Keywords :
Zong, Winsome Pinnock, Rockets and Blue Lights, Lawrence Scott, Dangerous Freedom, Archives; Slavery, slave trade.
Abstract :
[en] The massacre of the Zong in 1781, during which slavers threw 132 captive Africans overboard, and the historical ramifications of such a horrendous event, have exerted a fascination on the authors of the anglophone Caribbean diaspora. This essay deals with the publication in 2020 of two fictional literary texts covering related grounds: Anglo-Jamaican Winsome Pinnock’s play Rockets and Blue Lights and Trinidadian Lawrence Scott’s novel Dangerous Freedom.

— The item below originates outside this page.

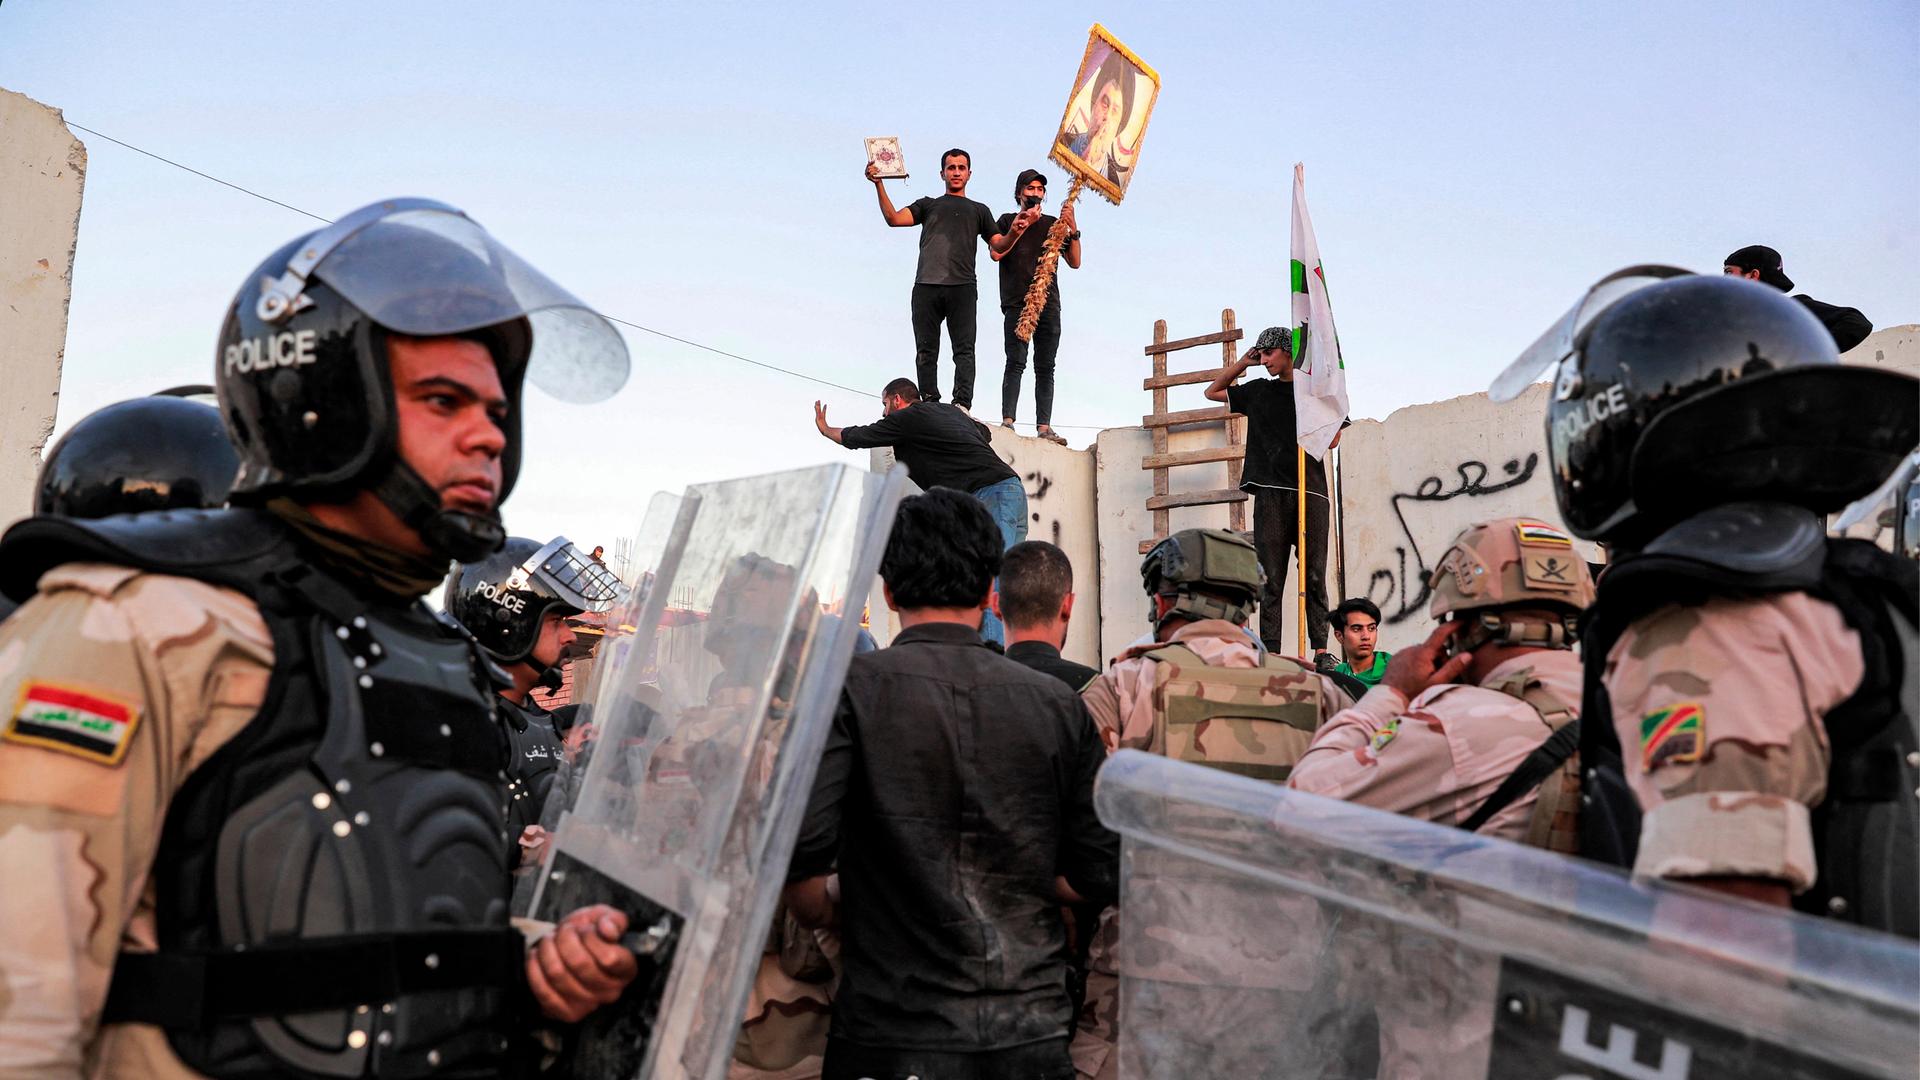 Protestierende Männer mit einem Koran stehen auf dem Zaun der schwedischen Botschaft in Bagdad. Uniformierte Polizeibeamte versuchen die Menschen zu zerstreuen.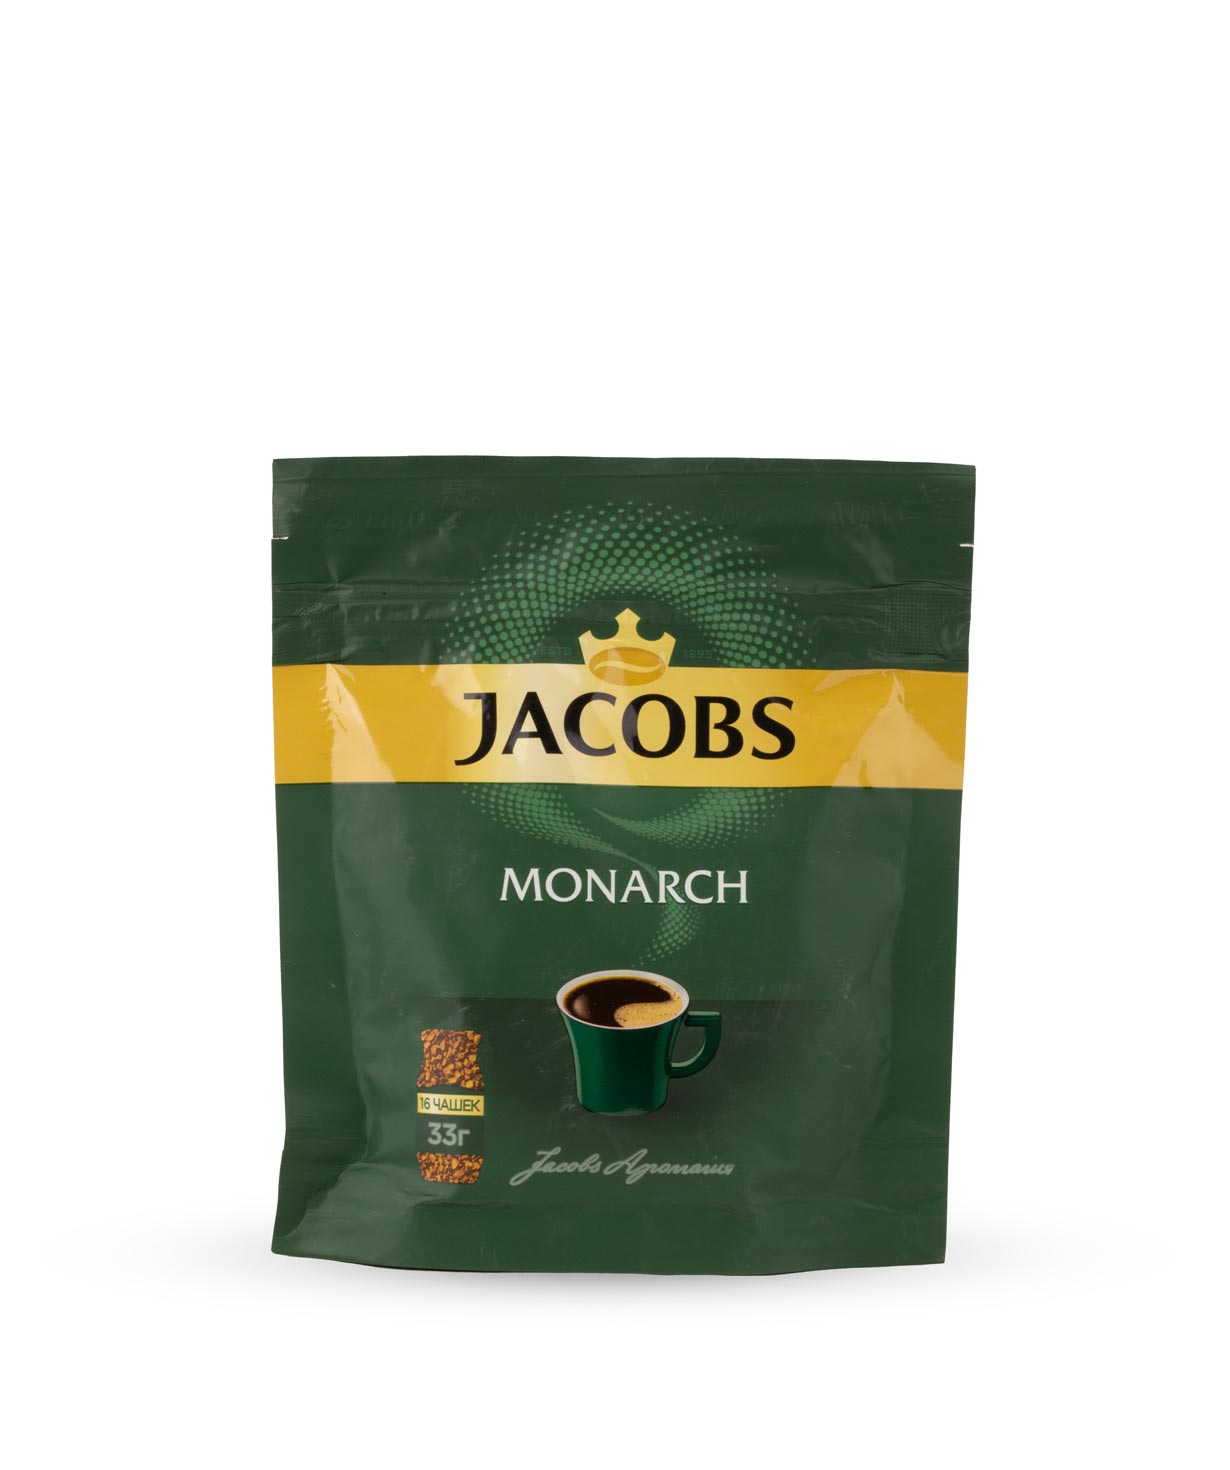 Լուծվող սուրճ «Jacobs Monarch» 33գ

What I want to show in this essay is that beyond their many differences in tone, scope, and genre, Pinnock’s and Scott’s books, coming as they do in the wake of the Black Lives Matter movement and the Windrush scandal, display epistemological commonalities that are bound to the time of their release, at least in the way they can be read by contemporary readers. Like the fictionalizations of the Zong that came before them, Pinnock’s and Scott’s works contribute to the understanding of the British involvement in the slave trade and slavery by staging historical and visual archives. They also demonstrate the centrality of such documents in any attempt to draw a nuanced picture of the history of the nation, as fragmentary as these archives might be.